### Exercise directions
An exact repetition of the data below, without images, is the expected answer.

### Data provided
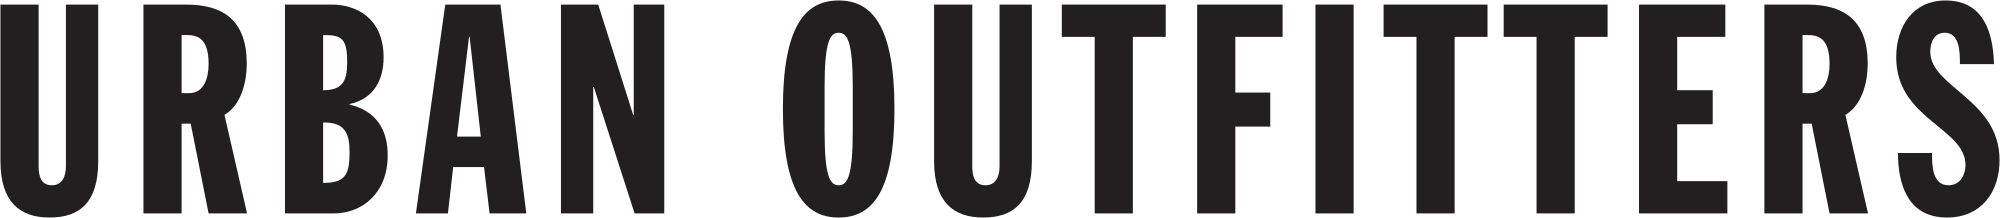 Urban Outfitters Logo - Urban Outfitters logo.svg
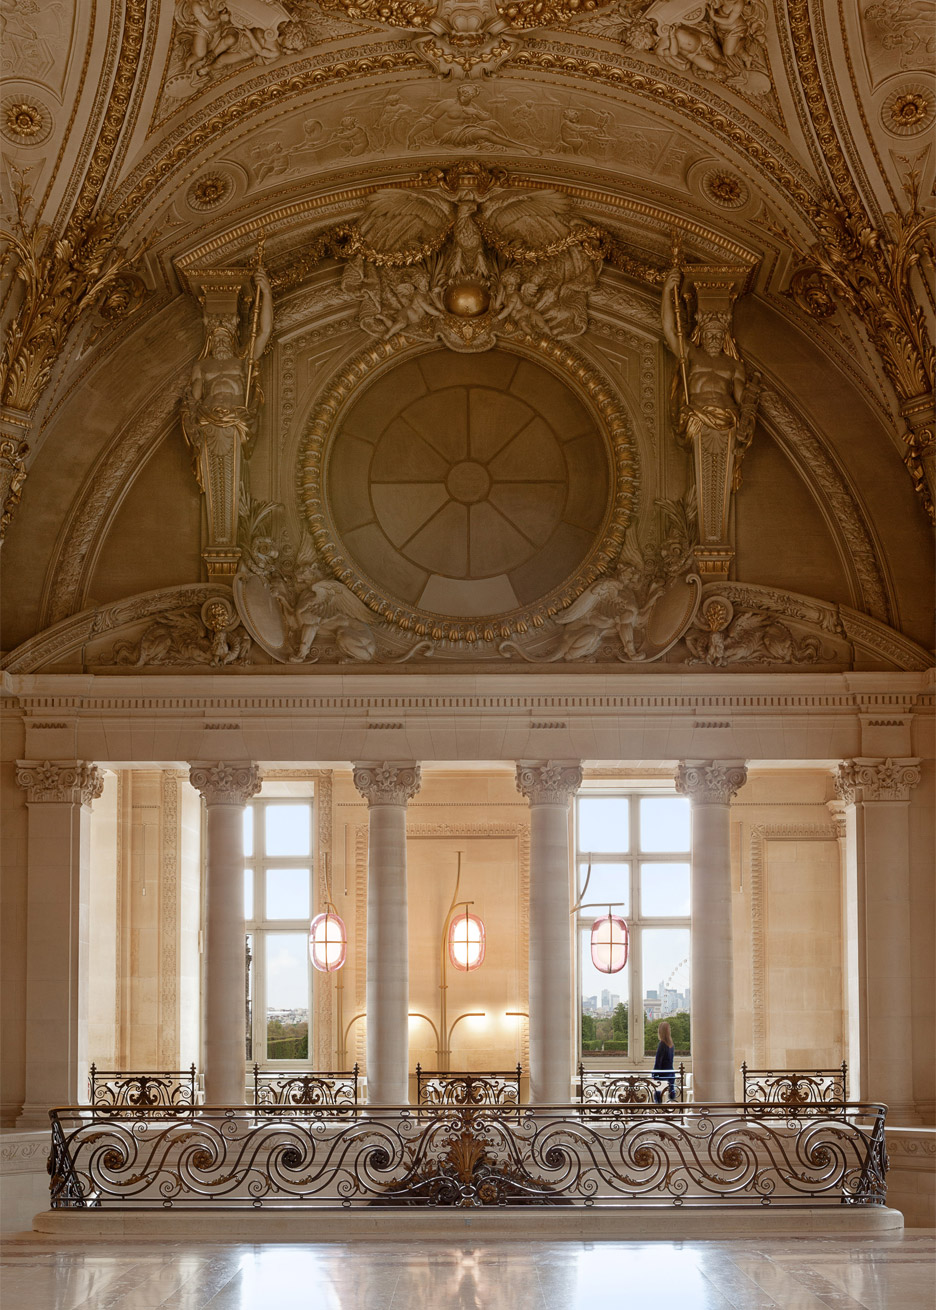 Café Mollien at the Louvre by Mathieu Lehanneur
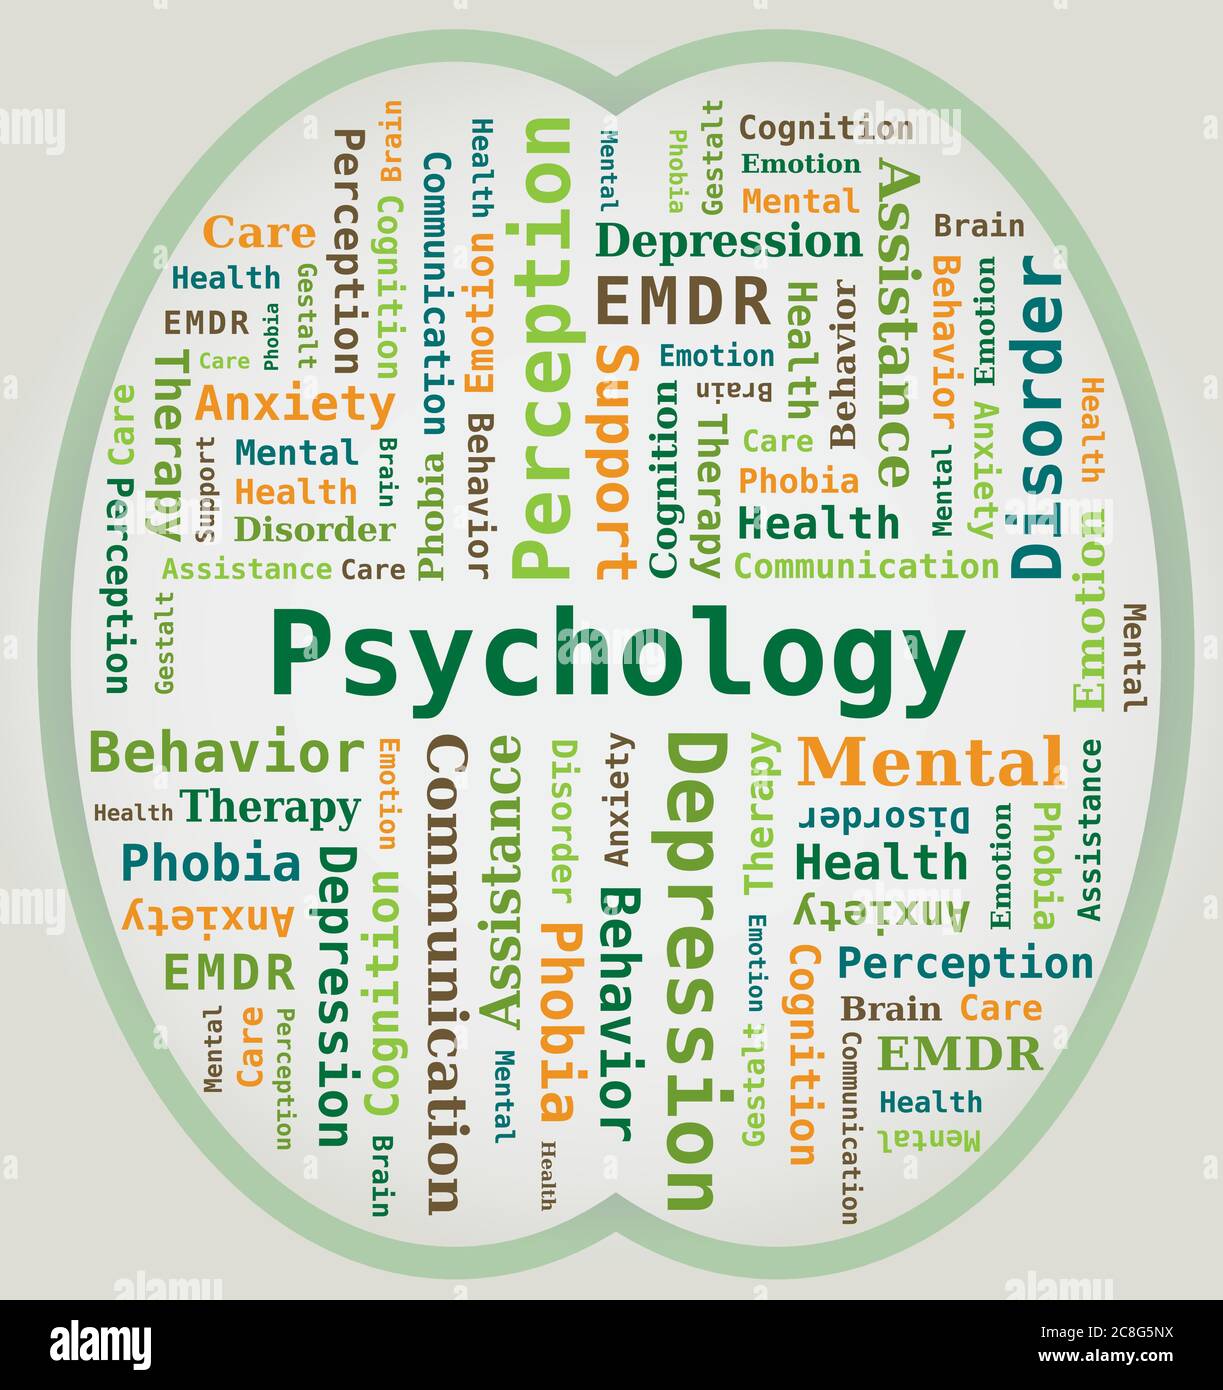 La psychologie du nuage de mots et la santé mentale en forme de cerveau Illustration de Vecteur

### Task response
 Urban Outfitters Logo - Urban Outfitters logo.svg
 Café Mollien at the Louvre by Mathieu Lehanneur
 La psychologie du nuage de mots et la santé mentale en forme de cerveau Illustration de Vecteur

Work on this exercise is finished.